The sleepstudy dataset

sleepstudy = MixedModels.dataset(:sleepstudy)
Arrow.Table with 180 rows, 3 columns, and schema:
 :subj      String
 :days      Int8
 :reaction  Float64

is from a study on the effect of sleep deprivation on reaction time. A sample from the population of interest (long-distance truck drivers) had their average response time measured when they were on their regular sleep schedule and after one up to nine days of sleep deprivation (allowed only 3 hours per day in which to sleep).

The description of these data is inaccurate. See this description for more detail.

Unfortunately by the time we learned this the researchers were no longer able to locate the original data. We keep using this example because it is such a nice example, even if the description is not quite accurate.

  • Plot the data in a multi-panel plot, Figure 1, using the R package {lattice} via RCall.jl.
Code
RCall.ijulia_setdevice(MIME("image/svg+xml"), width = 7, height = 5);
R"""
print(
  lattice::xyplot(
    reaction ~ days | subj,
    $(DataFrame(sleepstudy)),
    type = c("g","p","r"), layout = c(9,2),
    index = function(x,y) coef(lm(y ~ x))[1],
    xlab = "Days of sleep deprivation",
    ylab = "Average reaction time (ms)",
    aspect = "xy"
  )
)
""";

Figure 1: Average reaction time [ms.] versus days of sleep deprivation by participant. The panels are ordered according to increasing initial reaction time starting at the lower left.

Comments on the plot

  • Each panel shows the data from one subject as well as a simple linear regression line fit to that subject’s data only.

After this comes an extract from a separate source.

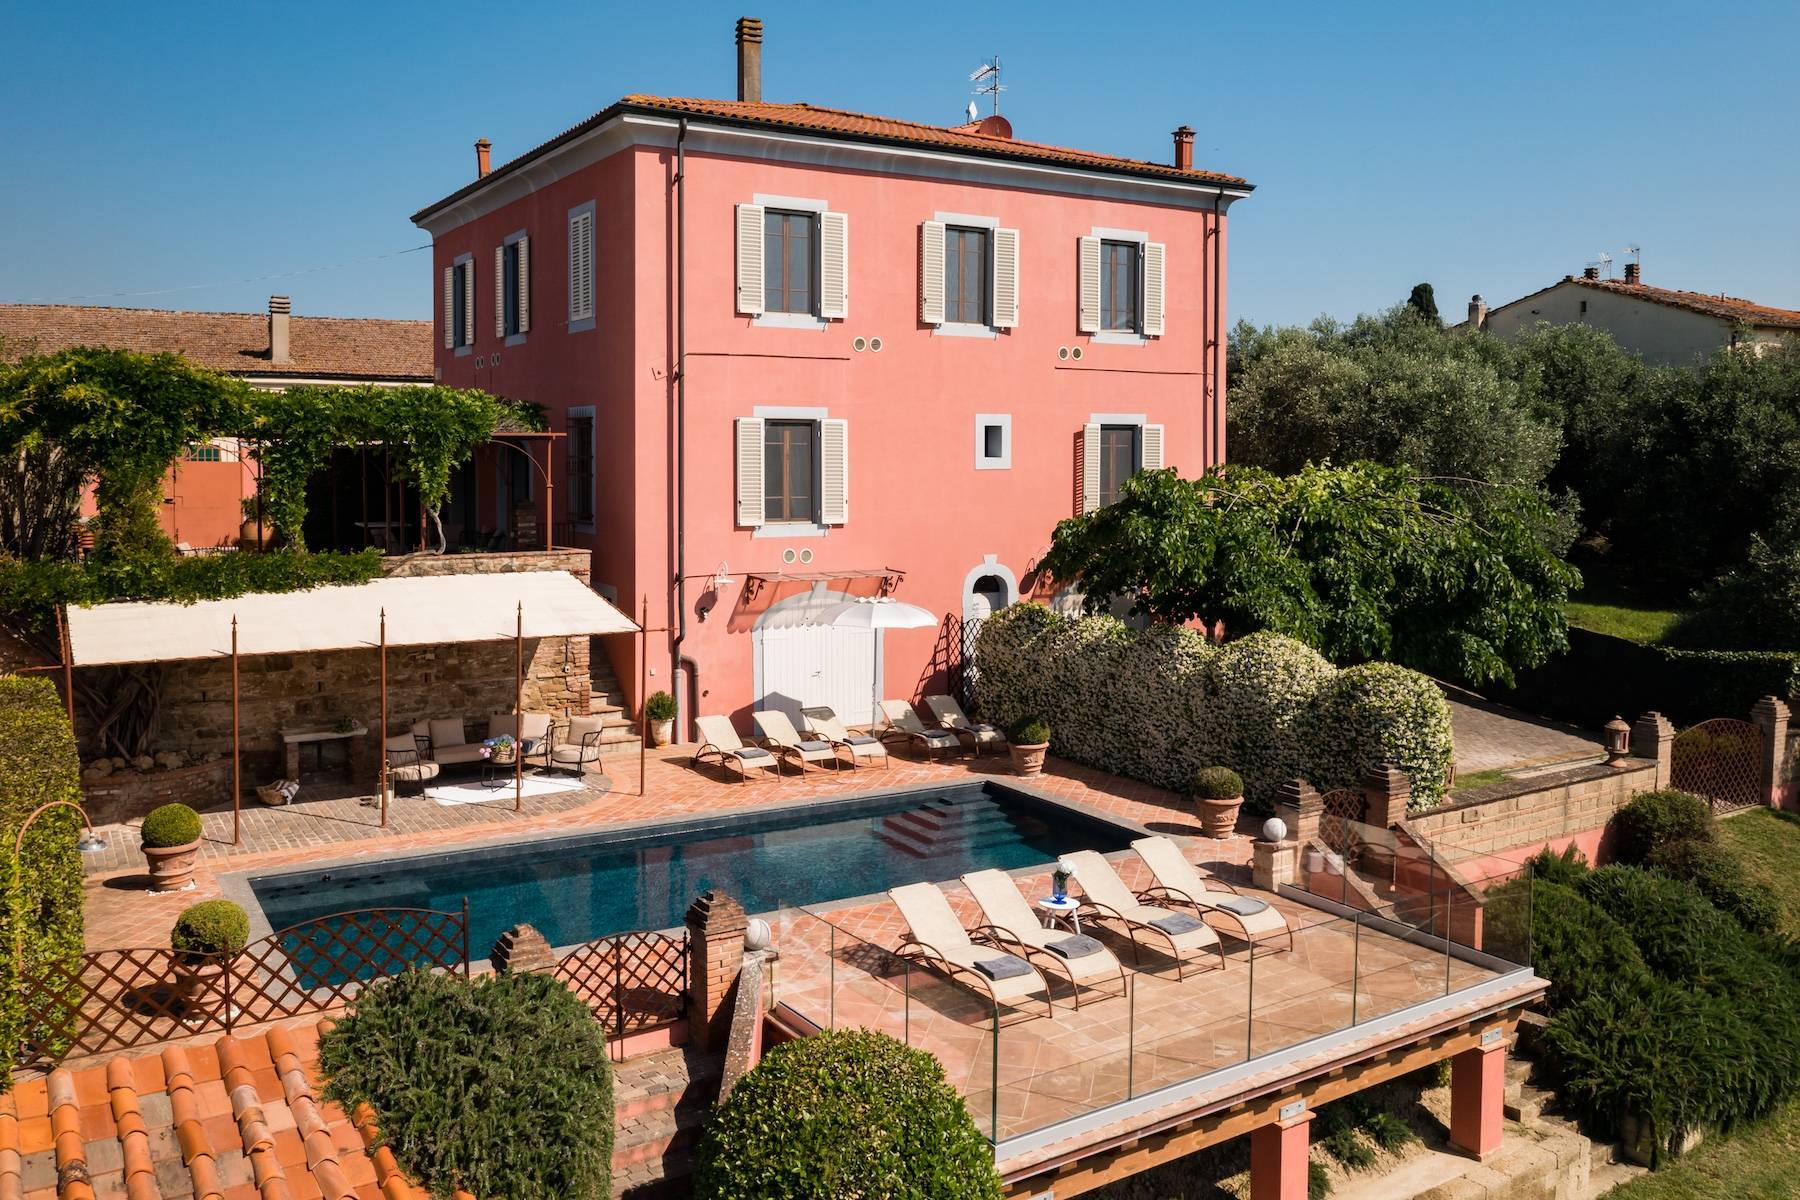 Elegance and style in the heart of a Tuscan medieval village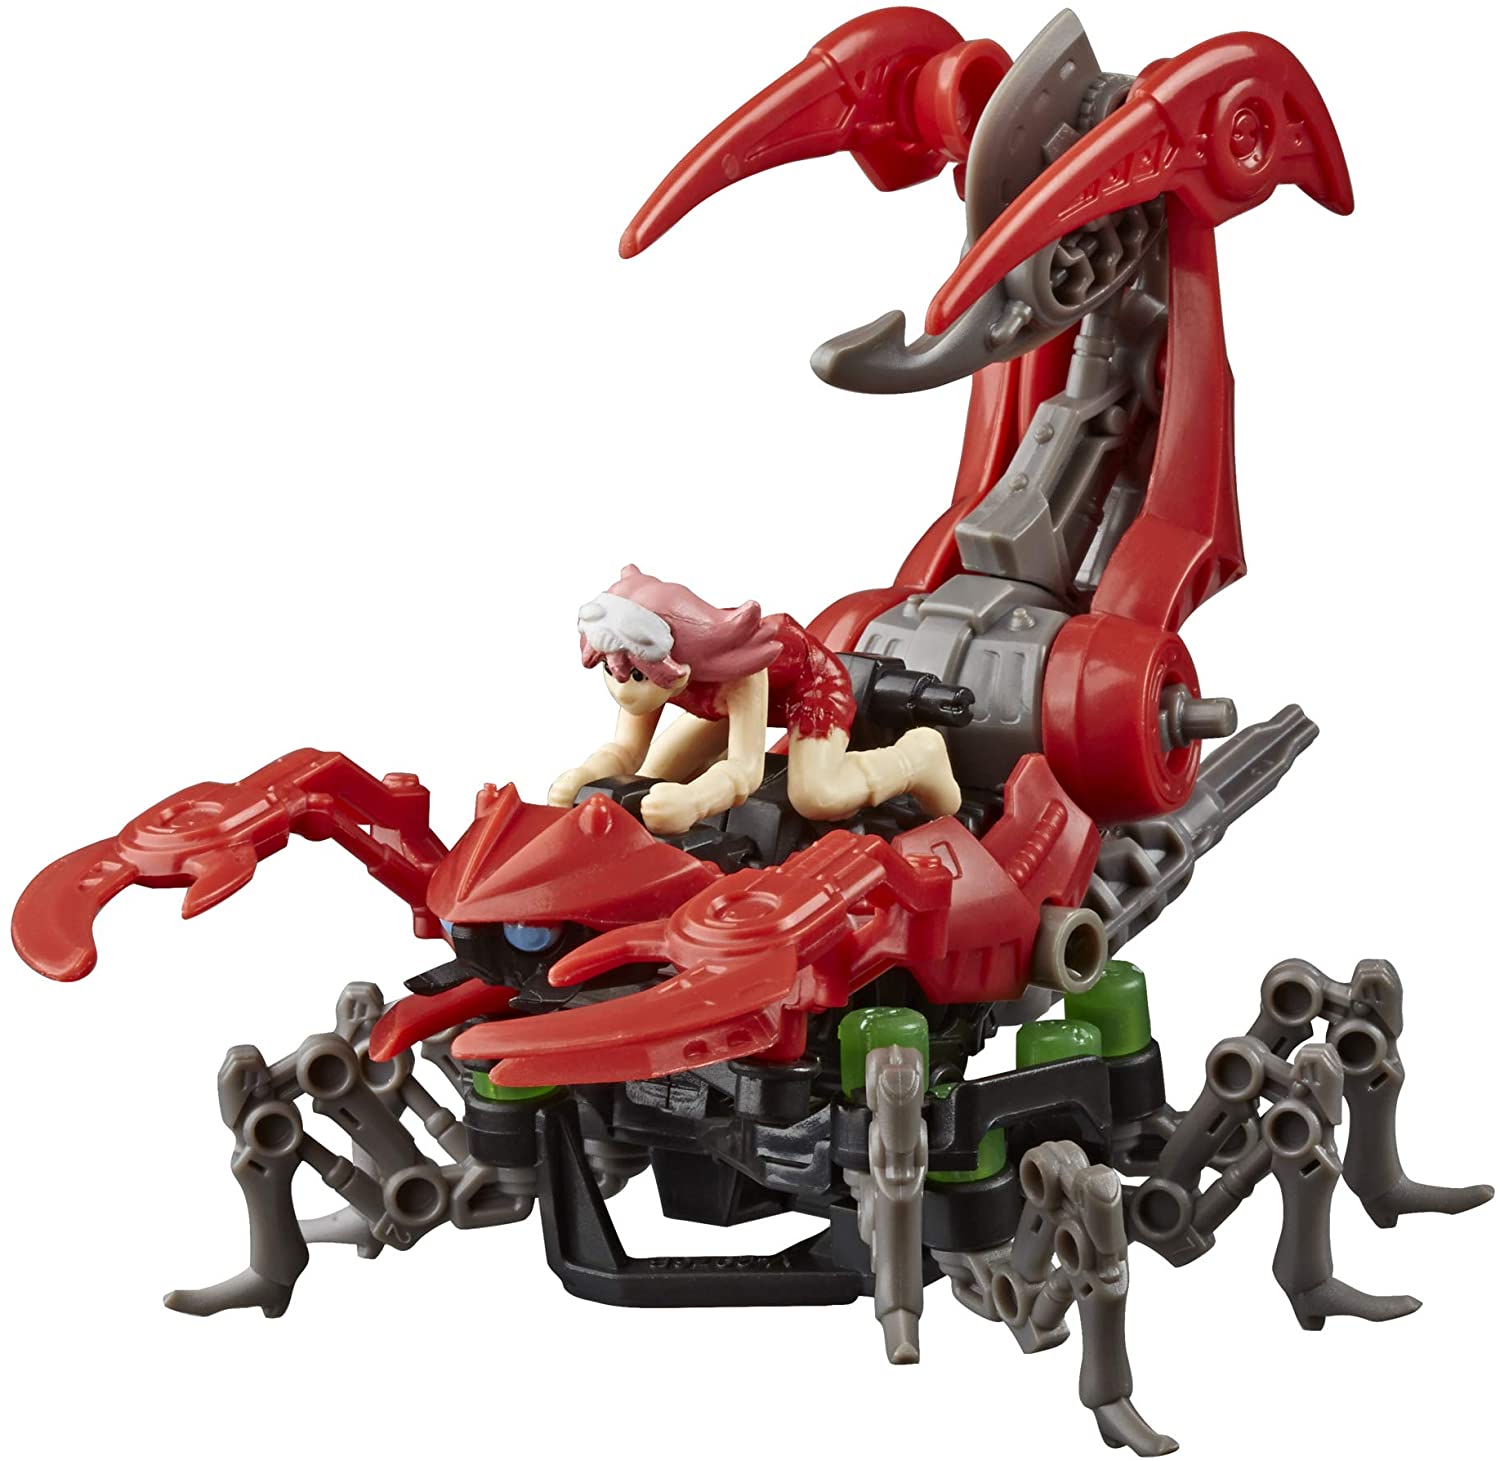 ZOIDS Hasbro Mega Battlers Needle - Scorpion-Type Buildable Beast Figure with Wind-Up Motion - Toys for Kids Ages 8 and Up, 33 Pieces

  • The panels are ordered by increasing intercept of the within-subject line row-wise, starting at the bottom left.

  • Some subjects, e.g. 310 and 309, have fast reaction times and are almost unaffected by the sleep deprivation.

  • Others, e.g. 337, start with slow reaction times which then increase substantially after sleep deprivation.

Formulating a model

  • A suitable model for these data would include an intercept and slope for the “typical” subject and randomly distributed deviations from these values for each of the observed subjects.

  • The intercept and slope of the “typical” response over the population are parameters to be estimated (i.e. fixed effect parameters).

  • The intercept and slope deviations from the population values for each subject are random variables (i.e. random effects).

  • The assumed distribution of the random effects vector is multivariate Gaussian with mean zero (because they represent deviations from the population parameters) and an unknown covariance matrix, \(\bbSigma\), to be estimated from the data.

  • Because \(\bbSigma\) is a covariance matrix it must be symmetric and be positive-definite, a condition that is similar to the requirement that a scalar variance must be positive.

Fitting the linear mixed-effects model

  • As in R the model is described in a formula language, with the response to the left of the ~ character and with fixed-effects and random-effects terms to the right.

  • A random-effects term is of the form (linearterms|grouping) where linearterms are terms for a linear model (which can be as simple as 1) and grouping is the name of a factor (or, less commonly, an expression), of the experimental or observational units.

m1 = let
  form = @formula reaction ~ 1 + days + (1 + days | subj)
  fit(MixedModel, form, sleepstudy)
end
Minimizing 58    Time: 0:00:00 ( 5.70 ms/it)
Est. SE z p σ_subj
(Intercept) 251.4051 6.6323 37.91 <1e-99 23.7805
days 10.4673 1.5022 6.97 <1e-11 5.7168
Residual 25.5918

As in R, the name contrasts is used in statistical modeling packages for Julia is the general sense of “What should be done with this categorical covariate?” It helps to indicate that the :subj covariate will be used as a grouping factor for the random effects by adding a named argument contrasts = Dict(:subj => Grouping()) in the call to fit.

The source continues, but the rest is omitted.